Senator for Mato Grosso
- Incumbent
- Assumed office 1 February 2019
- In office 1 February 2007 – 1 February 2015

Mayor of Várzea Grande
- In office 1 January 1997 – 1 January 2005
- Preceded by: Nereu Botelho de Campos
- Succeeded by: Murilo Domingos

Governor of Mato Grosso
- In office 15 March 1991 – 1 January 1995
- Preceded by: Edison de Oliveira
- Succeeded by: Dante de Oliveira

Personal details
- Born: 13 September 1951 (age 74) Várzea Grande, Mato Grosso, Brazil
- Party: UNIÃO (2022–present)
- Other political affiliations: PDS (1982–90); DEM (1990–2022);

= Jayme Campos =

Brazilian politician

Jayme Veríssimo de Campos (born 13 September 1951) better known as Jayme Campos is a federal senator of Brazil representing his home state of Mato Grosso. He was previously governor of Mato Grosso from 1991 to 1994 and also served as mayor of Várzea Grande from 1997 to 2004.

==Personal life==
Campos' father Júlio Campos was also a senator and governor of Mato Grosso as well as mayor of Várzea Grande.
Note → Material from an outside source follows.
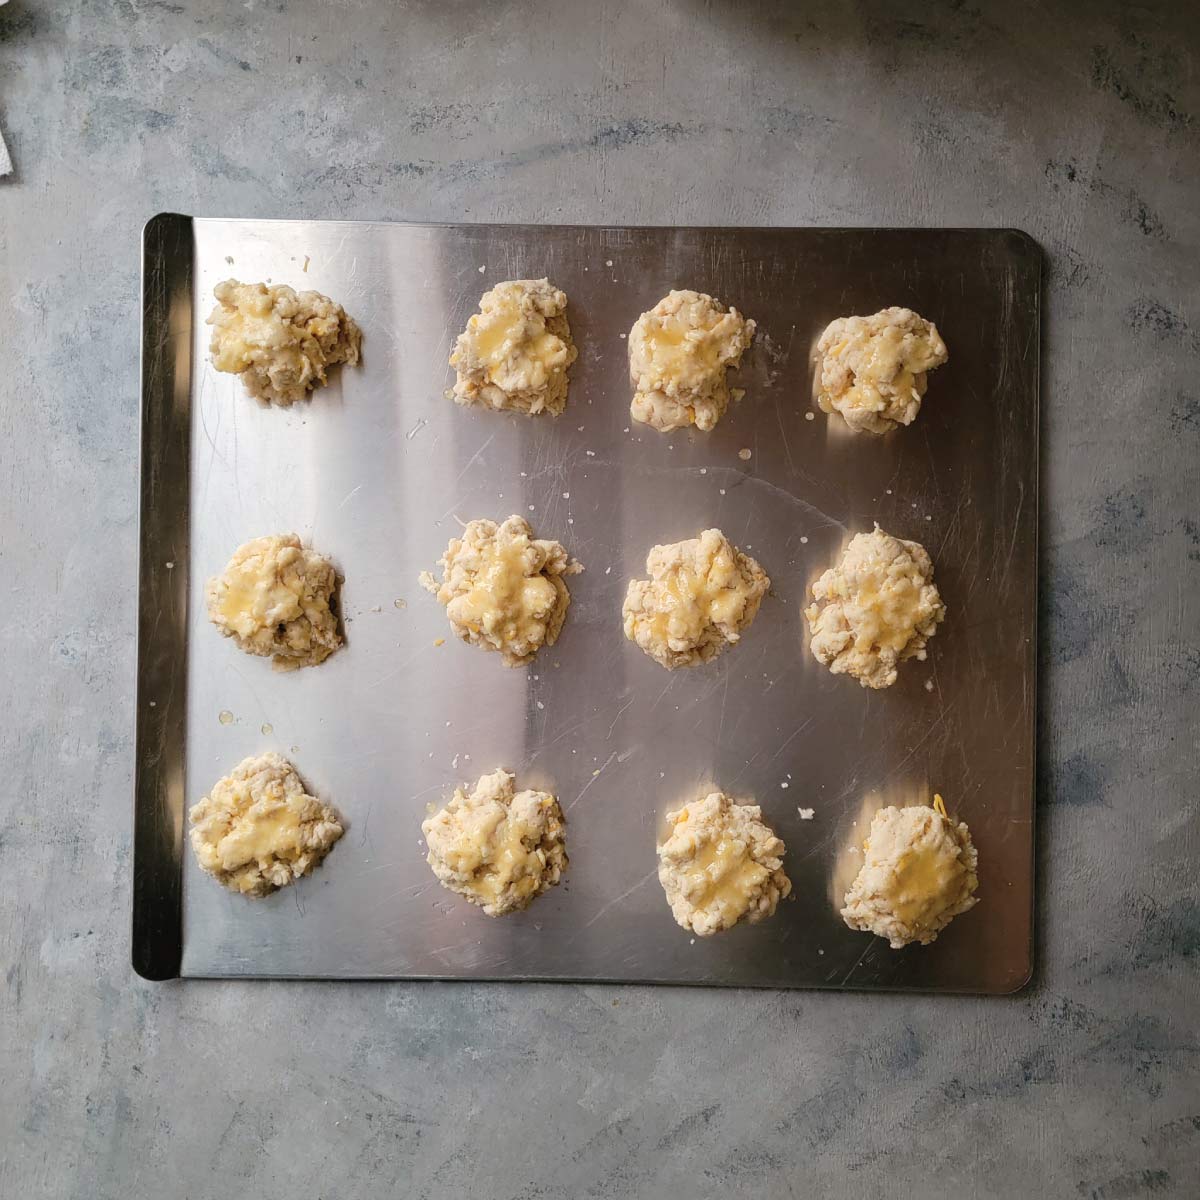 12 biscuits on a baking sheet with melted butter brushed over top just before baking.

Campos is married to Lucimar Campos, who in 2015 was elected mayor of Várzea Grande. Campos had four children, two daughters and two sons: Michelle Campos Soares, Jaime Veríssimo de Campos Júnior, Carlos Eduardo Sacre de Campos, and Gisele Sacre de Campos. His second oldest child, Jaime Jr., died in a car accident in May 2004 while driving home from his sister's wedding.

==Political career==
Campos was elected to the federal senate for the first time in the 2006 Brazilian general election, winning 61% of the votes. After being defeated in 2015, Campos was re-elected to the federal senate in the 2018 Brazilian general election, along with Selma Arruda from the state of Mato Grosso.